Service of claim forms
The court used its power under CPR 3.10 to order that service of an unsealed claim form was good service. The identical sealed version had been served two days after the very short deadline in procurement proceedings. The strict time limits in procurement cases, and the "peculiar facts of this case" which included confusion of dates generated by CE-File also justified validating unauthorised service by email (Citysprint UK Ltd v Barts Health NHS Trust).
QOCS and costs set-off
The Supreme Court has held that a defendant to a personal injury claim can no longer set off its costs against costs ordered in the claimant’s favour. Such a defendant can only enforce the order up to the value of orders for damages and interest made in the claimant’s favour (CPR 44.14).

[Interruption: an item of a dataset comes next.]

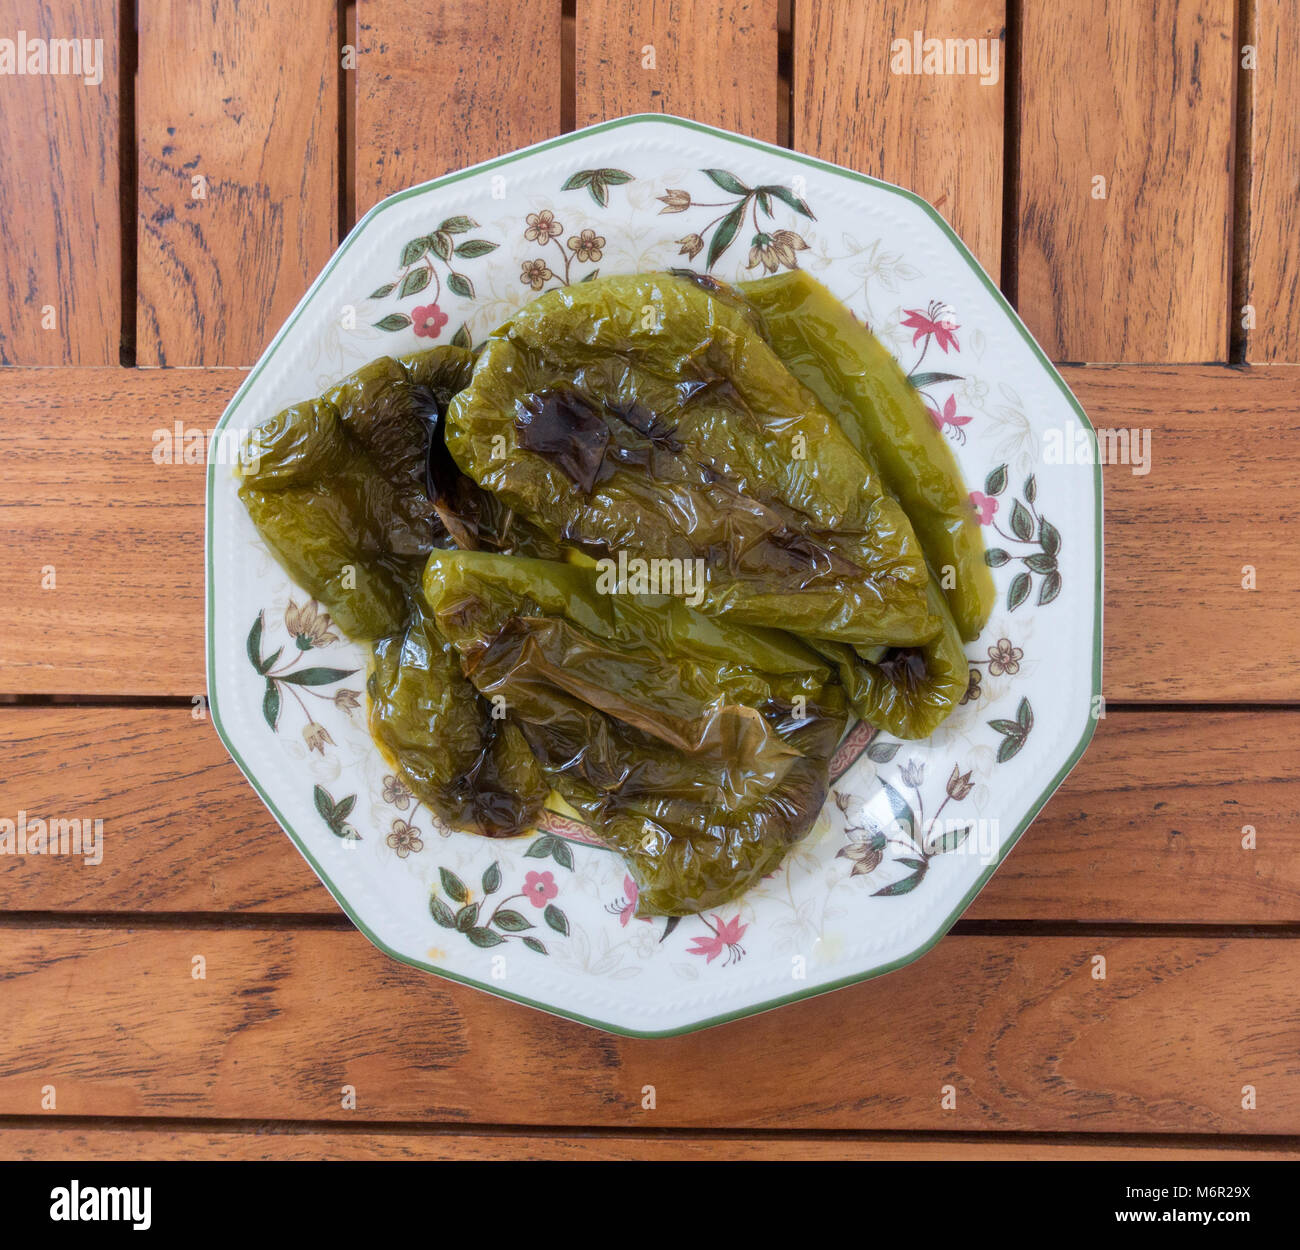 Roasted green peppers Stock Photo

The court recognised that the result might look counterintuitive and unfair but it was part of the Qualified One-way Costs Shifting scheme devised to protect claimants against liability for costs and to remove the burden of paying success fees and ATE premiums from defendants’ insurers (Ho v Adelekun).
Disclosure and control
The defendant was ordered to disclose documents held by a third-party agent, as they were within the defendant's control under CPR 31.8. The decision, which also considers the Disclosure Pilot Scheme and PD 51U, offers guidance on how the court will analyse the function of an agent to determine whether documents held by a third party are within a party's control (Quartz Assets LLC and another v Kestrel Coal Midco Pty Ltd).
Data breach claims
Victims of cyber-attacks can only seek redress through a claim solely for breach of data protection litigation. Misuse of private information, breach of confidence and negligence cannot be cited as causes of action in a claim for compensation for distress relating to a cyber-security breach. ATE premiums have remained recoverable for "publication and privacy" proceedings but this ruling means that claimants will no longer be entitled to seek recovery of the ATE premium from the opponent in such claims (Warren v DSG Retail – see our briefing on this case and the Supreme Court's decision in Lloyd vs Google here).
Without prejudice correspondence
The protection attached to a chain of emails marked “without prejudice” extended to a subsequent email even though it was not so labelled. The last email plainly followed on from the prior emails seeking to resolve a dispute and there had been no clear indication that the sender wished to shift to “open” communications. As a result, the recipient’s non-response to that email was similarly protected and could not be relied on. The court also rejected an argument that certain portions of the without prejudice emails fell outside the privilege because the issue they dealt with was separate to the dispute being negotiated (Jones v Lydon).
Non-party costs orders
The Court of Appeal held that, to make a non-party costs order against the director of an insolvent company under section 51 of the Senior Courts Act 1981, it has to be shown not only that the director controlled and funded the company's conduct of the unsuccessful litigation, but also that the director benefited (or sought to benefit) personally from the litigation, or acted in bad faith or was responsible for some sort of impropriety (Goknur Gida Maddeleri Enerji Imalet Ithalat Ihracat Ticaret Ve Sanayi AS v Aytacli).
Competition class actions
The Competition Appeal Tribunal (CAT) has approved the first application for a collective proceedings order (CPO) under the UK’s competition class action regime. The CAT rejected the application in 2017 but reconsidered it following an appeal to the Supreme Court. However, the CAT refused Merricks permission to amend the claim form in order to include deceased persons in the class, and refused a claim for compound interest (Merricks v MasterCard Inc).